*Requirement:*
Using the material below, repeat exactly the lines from the one with "Homepage Slide 3 - Natural & Cultural" through the one with "Dustin T-Shirt in Black", ends included, without any images.

*Input data:*
┏━━

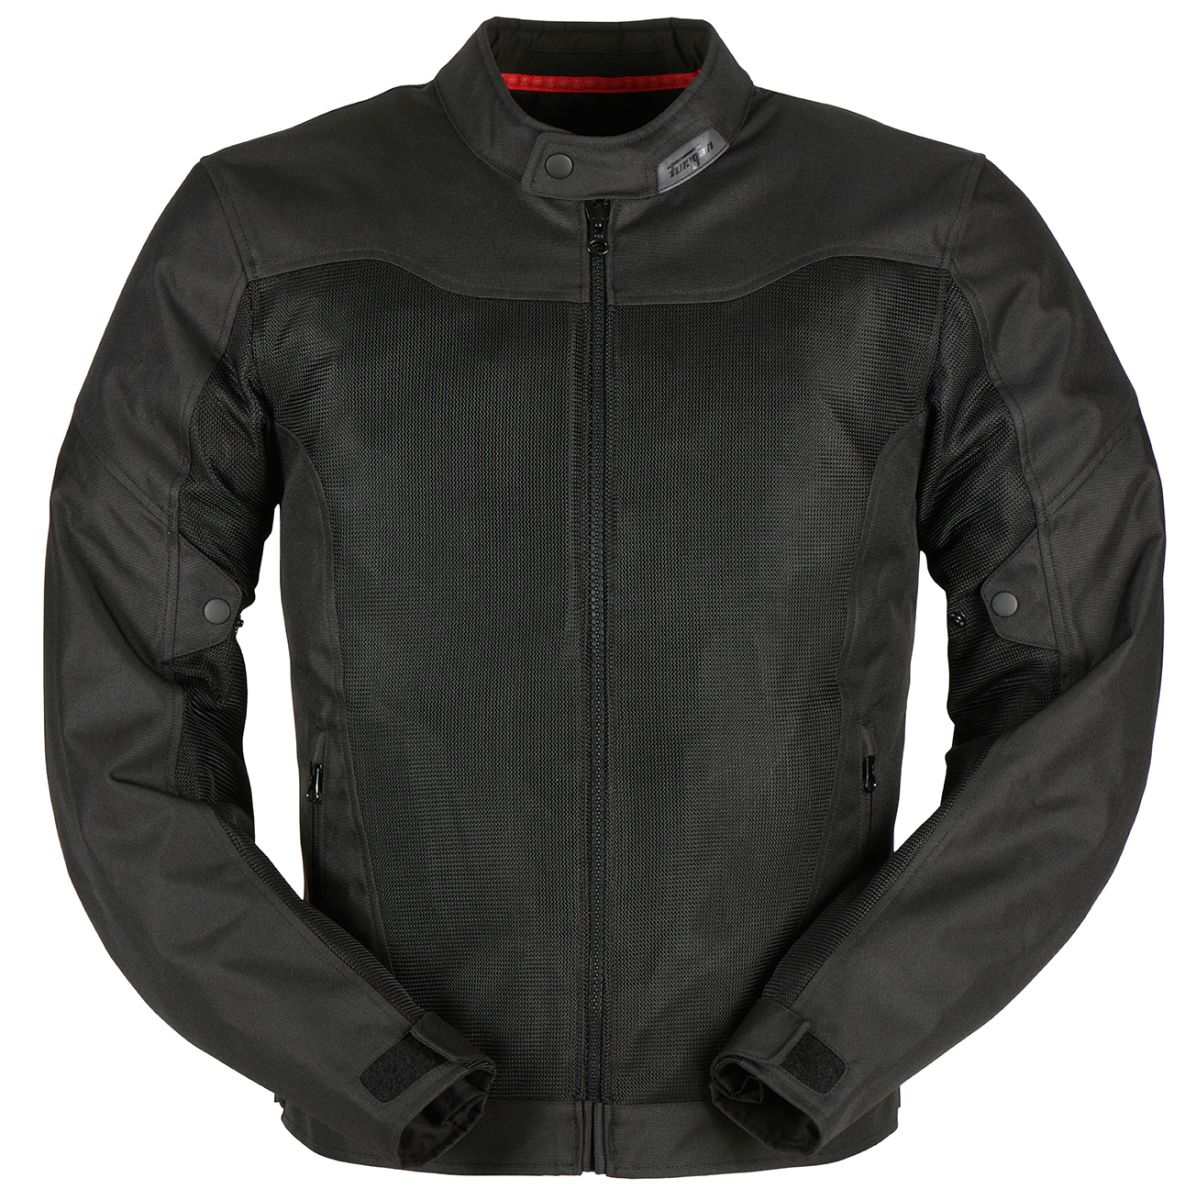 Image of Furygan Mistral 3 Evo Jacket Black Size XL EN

┗━━
┏━━

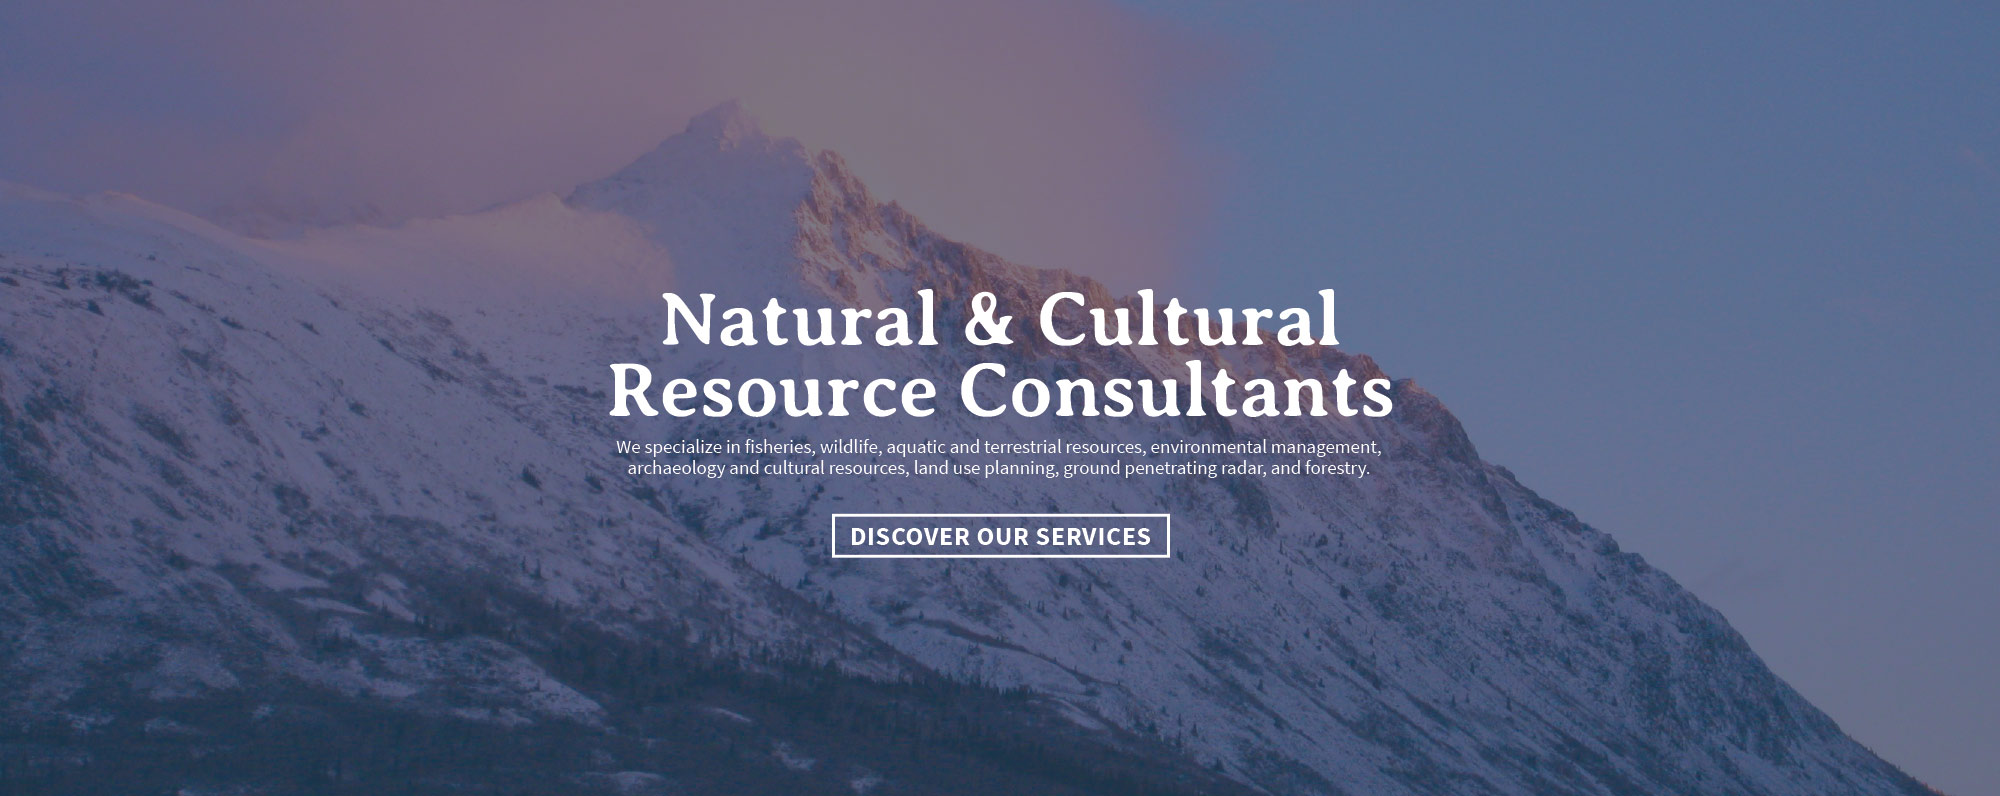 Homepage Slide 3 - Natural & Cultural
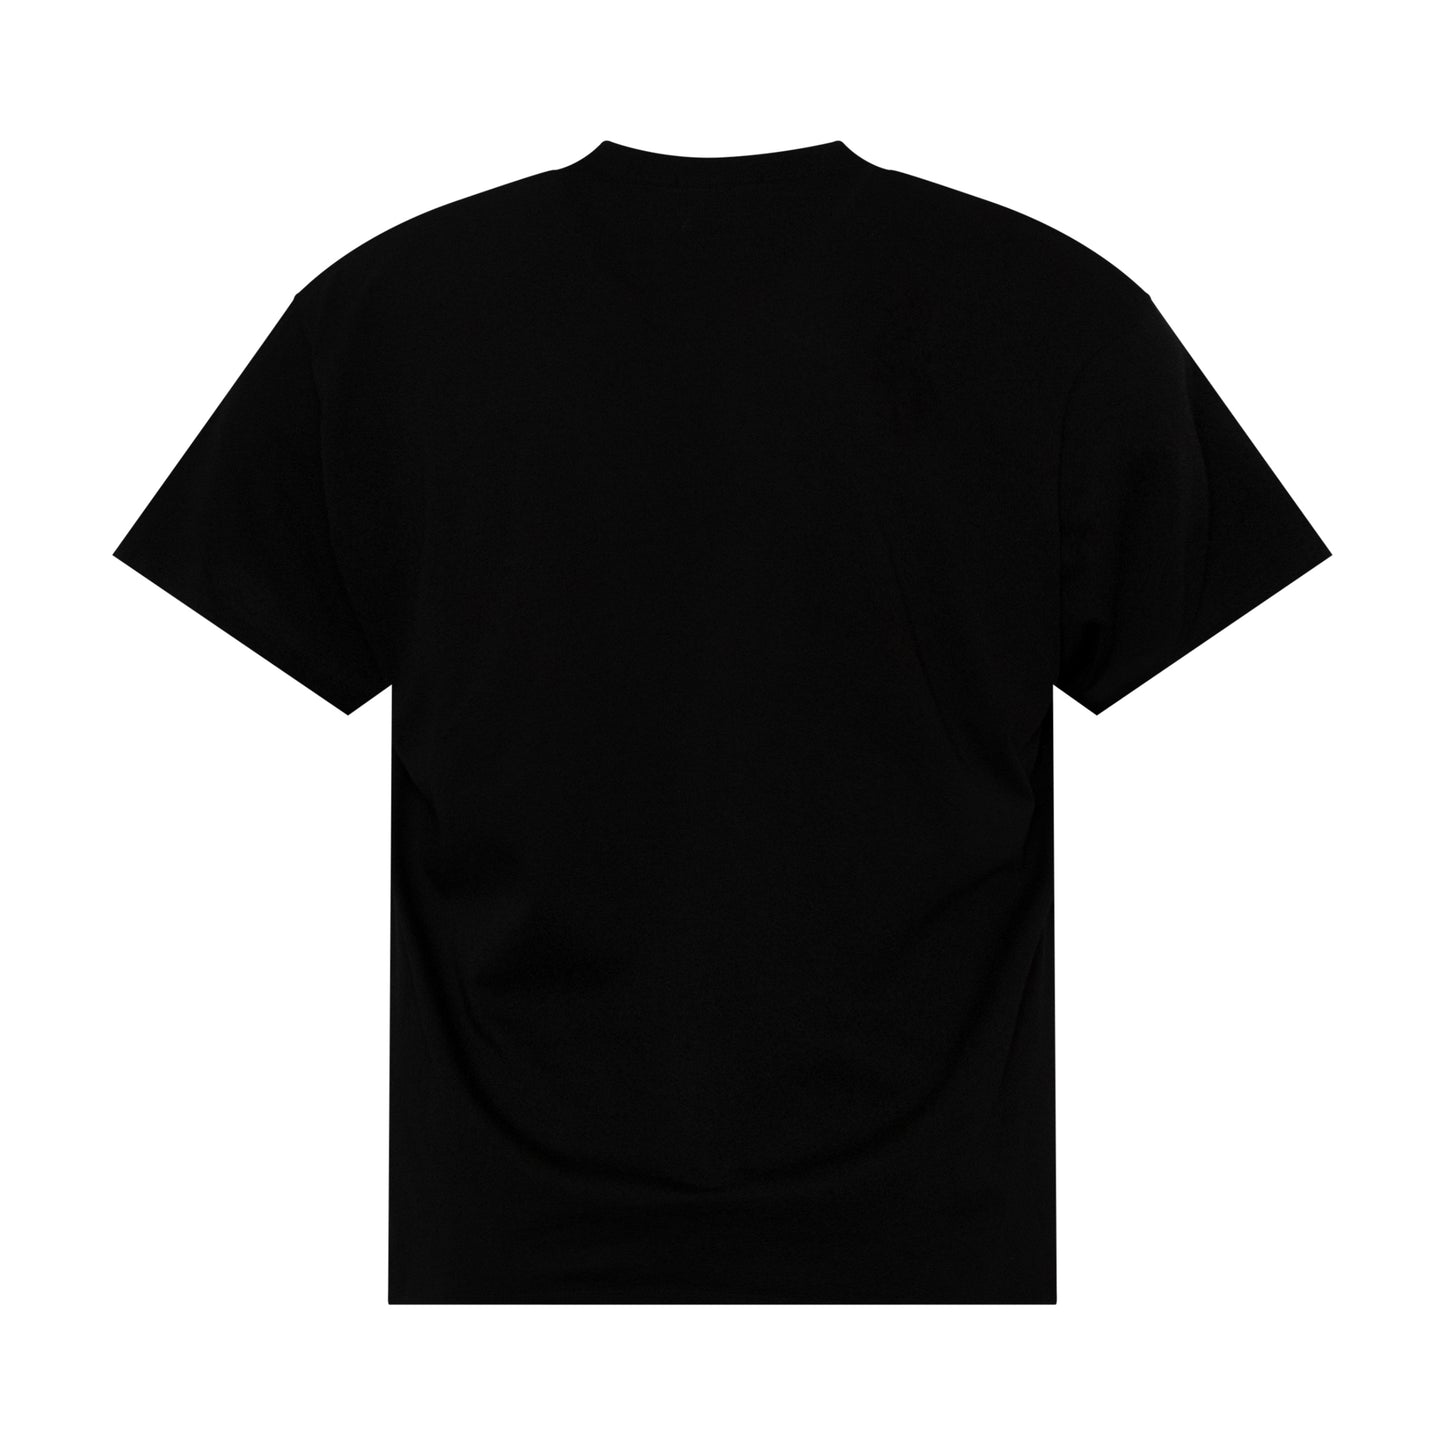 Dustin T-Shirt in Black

┗━━
┏━━

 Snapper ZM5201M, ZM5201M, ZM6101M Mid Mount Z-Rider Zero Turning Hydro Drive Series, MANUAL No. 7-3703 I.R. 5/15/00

┗━━

*Result of this exercise:*
 Homepage Slide 3 - Natural & Cultural
 Dustin T-Shirt in Black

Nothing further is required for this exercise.